In other words, it's the very acceptance of the principle that people might differ on the point that entails the limit on what we can reasonably force him to do. It's only if you abandon that principle for an alternative principle -- "Fetuses are not human beings" -- that you can legislate his compliance. But if you adopt the stance that we can legislate a final answer that applies to everyone, then we can legislate either answer; and there's no longer a freedom of conscience issue protecting abortion.

It is sad that sex has lost so much of its emotional content. I'm not sure what to make of it. I never had a promiscuous youth, but I was certainly always prepared to love the women I considered as potential mates. Of course, I was always looking for the woman I would marry, not for a partner for the evening; but I don't think it ever even occurred to me that I might want to have sex with a woman without some emotional attachment. I'm pretty sure that I didn't want that. I wanted someone to love me.

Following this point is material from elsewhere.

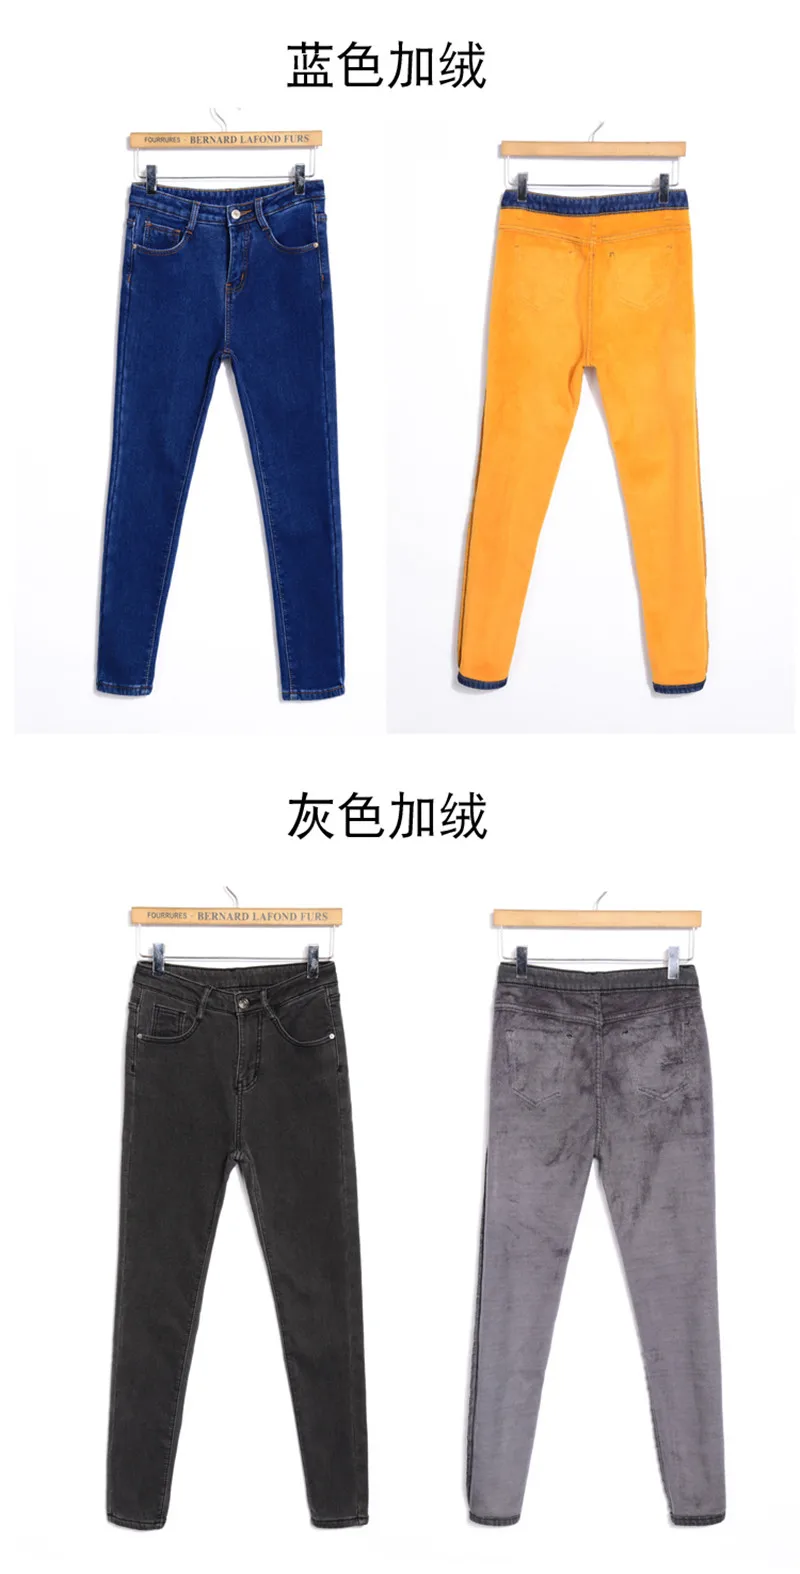 Плюс бархатные толстые женские джинсы зимние узкие брюки женские теплые джинсы с высокой талией длинные джинсы стрейч черные джинсы C5758

I always took that to be the more important need. I'm guessing evolutionary psychology would disagree with me, but that was always my experience. What I really wanted was love.

Cass said...

I don't think it ever even occurred to me that I might want to have sex with a woman without some emotional attachment. I'm pretty sure that I didn't want that. I wanted someone to love me.

There are a lot more men who think that way than the evo psych types want to admit.

I dated a lot from a very early age, and the vast majority of guys I dated were the same way. I had no trouble finding guys who took relationships as seriously as I did.

I pay more attention what a person does than what he or she says, but for some odd reason a lot of men are very impressed by the man-slut stereotype (the guy who sleeps around indiscriminately).

It's almost as though they think it's unmanly to be selective. Or just smart.

Texan99 said...

I don't think your statement of the pro-abortion position matches that many people. I'm always surprised how rare it is to encounter a pro-abortion believer who is willing even to entertain the notion that anyone might reasonably conclude a fetus is anything important. It's a threatening thought. I'm much more accustomed to getting back a barrage of comments along the lines of "only ignorant superstitious religionists can't understand the simple scientific facts" or even "you must hate women." And I spend a surprising amount of time online trying to get out the simple message that, whatever you may believe about fetuses, you will find the pro-life position easier to understand if you take into account that pro-lifers think a separate human being is involved.

Grim said...

You could be right; but this is the kind of point that is worth fighting over. You want to talk about a violation of natural law? Commanding a man to pay for the destruction of his offspring is as complete a violation of natural law as it is easy to imagine. Any government that undertook to do that would be sowing a whirlwind.

Texan99 said...

You know how much I agree with you! And that's why it distresses me a great deal that there are people who are very difficult to reach on this subject, because they won't entertain for one instant the idea that the fetus is a child. It will be very hard to find a compromise with them.